▶ [Data extracts]
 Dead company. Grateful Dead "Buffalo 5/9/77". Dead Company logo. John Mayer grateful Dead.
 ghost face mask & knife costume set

...

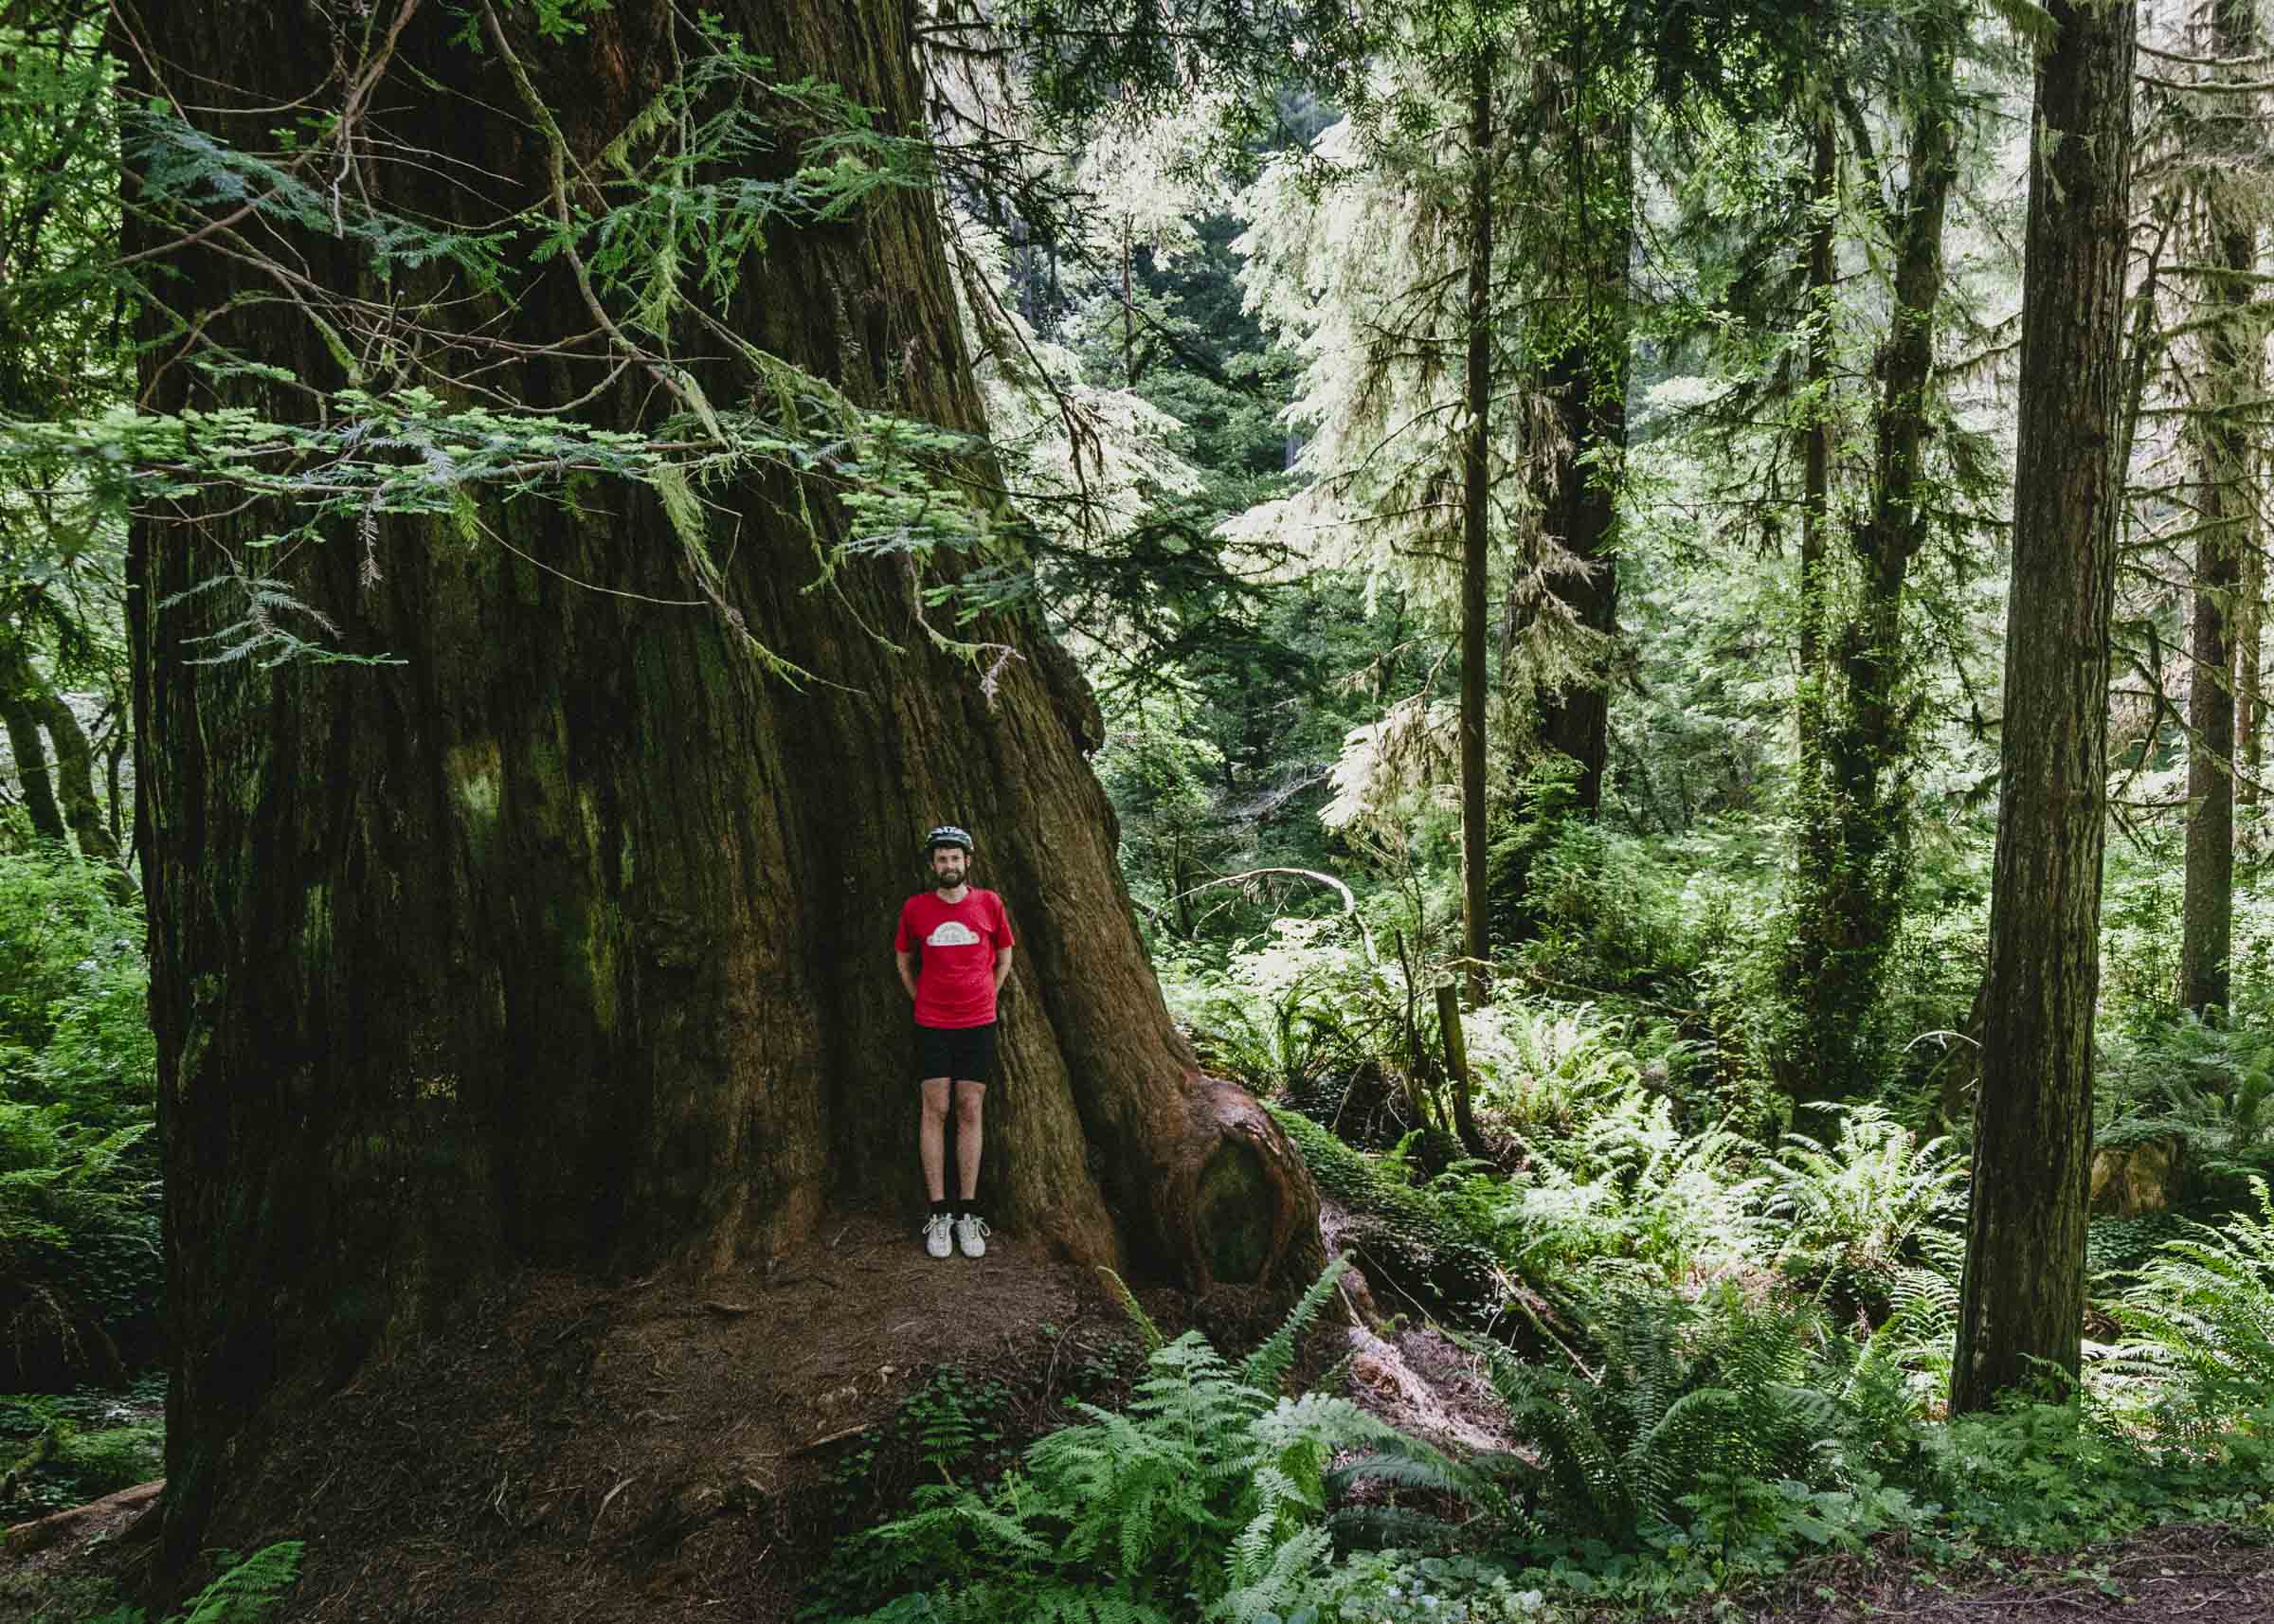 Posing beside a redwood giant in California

▶ [Problem to work on]
Take from the material above the lines running from the one with "Dead company. Grateful" through the one with "ghost face mask & knife costume set", and repeat them exactly, with nothing else.

▶ [Exercise answer]
 Dead company. Grateful Dead "Buffalo 5/9/77". Dead Company logo. John Mayer grateful Dead.
 ghost face mask & knife costume set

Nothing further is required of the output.